Years ago, when the cosmetics retailer Sephora asked perfumer Mark Crames to create a fragrance based on the scent of cannabis, he knew he faced a formidable challenge. He would have to capture the slightly animalistic, skunky cannabis vibe, but temper it to please the nose with notes of flowers and spice. Make it so beautiful people will spritz it on their neck and that soft spot on their wrists. Make it smell like fresh bud.
Crames went through several versions before developing a fragrance that wasn’t skunky or off-putting.
“I look at cannabis like liquor – it’s about capturing great, memorable tastes, smells and experiences,” he explained. “The first three versions we made were authentic, but you could not leave the house wearing it.”
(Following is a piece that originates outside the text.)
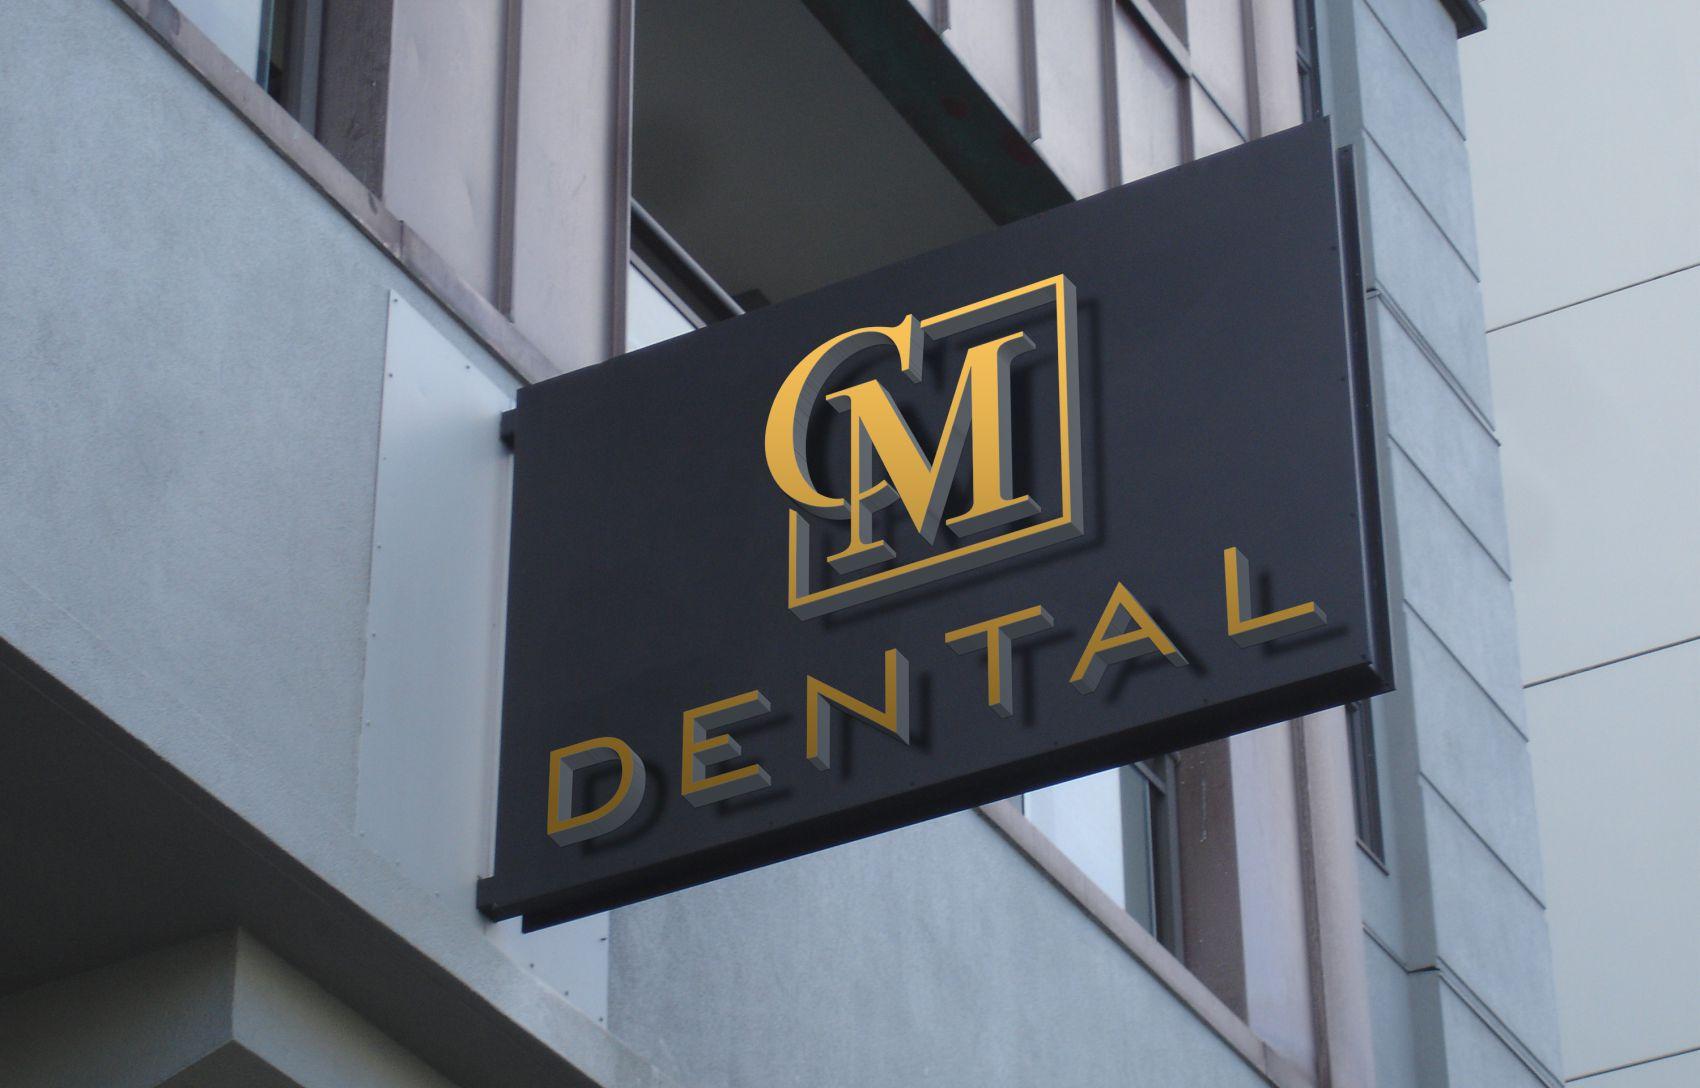 Exterior-Shop-Sign-CM-Dental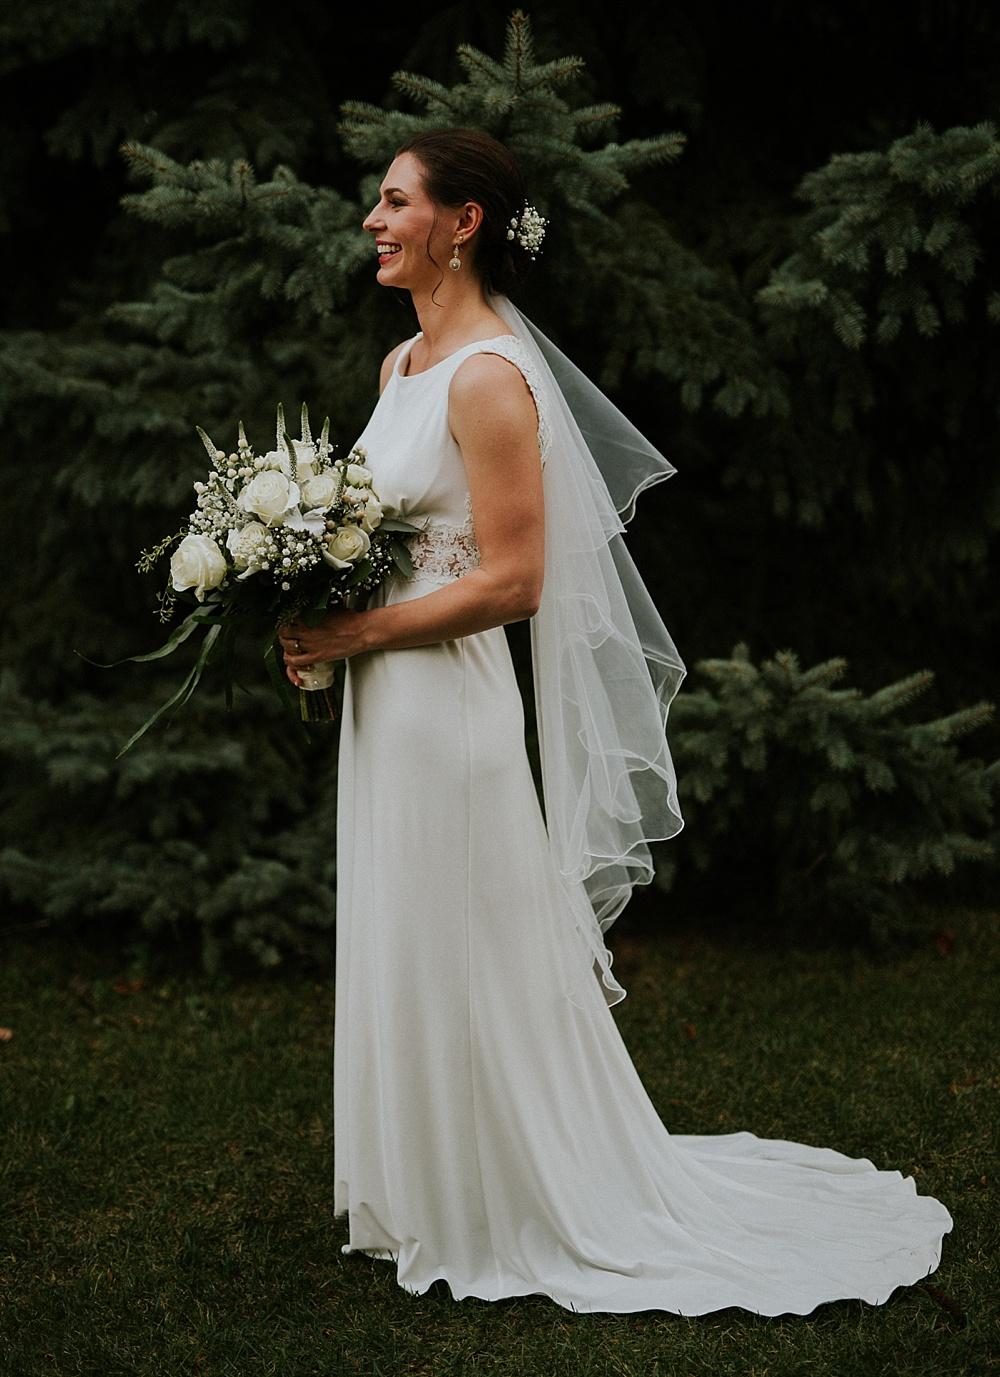 Mike-Stephanie_chicago_wedding_liller-photo-00017.jpg

That was 12 years ago. In the end, the perfume never made it to the shelf. Sephora said it wasn’t right for them, and later launched the Cannabis Santal line instead. Crames didn’t let the effort go to waste, though. In 2006 he released the perfume as “Cannabis Flower” under his own label, Demeter Fragrances. The fragrance has since become one of the most popular scents in the company’s product line.
Crames’ competitors have also noticed the interest in cannabis. In recent years, perfumers from chic London houses to indie L.A. experimenters have followed suit, introducing their own slant on cannabis across market segments. Their fragrances smell less like you’ve bathed in the stuff and more like there’s a small flowering cannabis plant in a room of other circling smells.
Here’s the rub with cannabis as a perfume note: you want to be able to smell it, but not too much. It has to smell distinctly cannabis – herby, fragrant and evocative – but it can never be that off-putting, rank burnt herb sometimes associated with the flower. And since perfumers in most states can’t sell commercial perfumes using actual cannabis oil – they rely on tricks of the trade to create accords mimicking the bud’s scent – creating a true cannabis perfume requires a truly complicated balancing act.
“Cannabis is the most underused aromatic essence in the natural fragrance game,” said Christi Meshell, owner and perfumer of Seattle-based House of Matriarch perfumes. Meshell’s company employs cannabis notes in its Sex Magic and Forbidden perfumes. She has a precise way of describing its effects: “It’s like drinking lemonade with your pet skunk in the middle of a pinyon pine forest as newly baled hay cures in a neighboring field.”
Demeter Fragrances owner Mark Crames is a lawyer by training and a perfumer by practice and passion. While he’s not a Master Perfumer – attaining that position requires years of training at a traditional perfume school in France – he trained his nose during his 15 years working as a fragrance distributor. Eventually his distribution business acquired a manufacturing license, and he began developing commercial fragrances of his own.
“I’m always approaching a target trying to capture what the majority of people would recognize as the thing itself, but in an idealized version,” Crames said.
In 2002 he bought Demeter, which renowned perfume artist Christopher Brosius had launched 10 years earlier. Brosius had created a catalogue of an astonishing range of scents. He exhibited his scents at the Cooper Hewitt National Design Museum’s Triennial exhibition in 2003 – the first time that the design elements of perfume construction were acknowledged in such a setting.
Crames possesses a photographic memory for the nose. He can recall scents years after he experiences them. For the past decade his nose has been the driving force behind Demeter’s fragrances, which continue to stretch the concept of what’s considered perfume.
Clean Skin, Paperback, New Baby, Laundromat, Snow, and, of course, Cannabis Flower. Reading the company’s list of perfumes is like sifting through a family album of olfaction.
Traditional perfumes are composed of top notes, middle notes, and base notes. The tops evaporate quickly, revealing the middle over time, and then the base several hours later. In that sense, cannabis can wear many hats in the perfuming world. Sometimes it acts like a sneaky top note; it can also move in and out like a middle note, or create a backdrop for other aromas like a base note.
“Any ‘big’ note presents challenges because it needs to be managed and tamed into wearability,” Crames said.
And so it is with Cannabis Flower. It’s like a haughty supporting actress – you need her to play along and do her thing, but there’s always the danger she might get too loud and steal the show.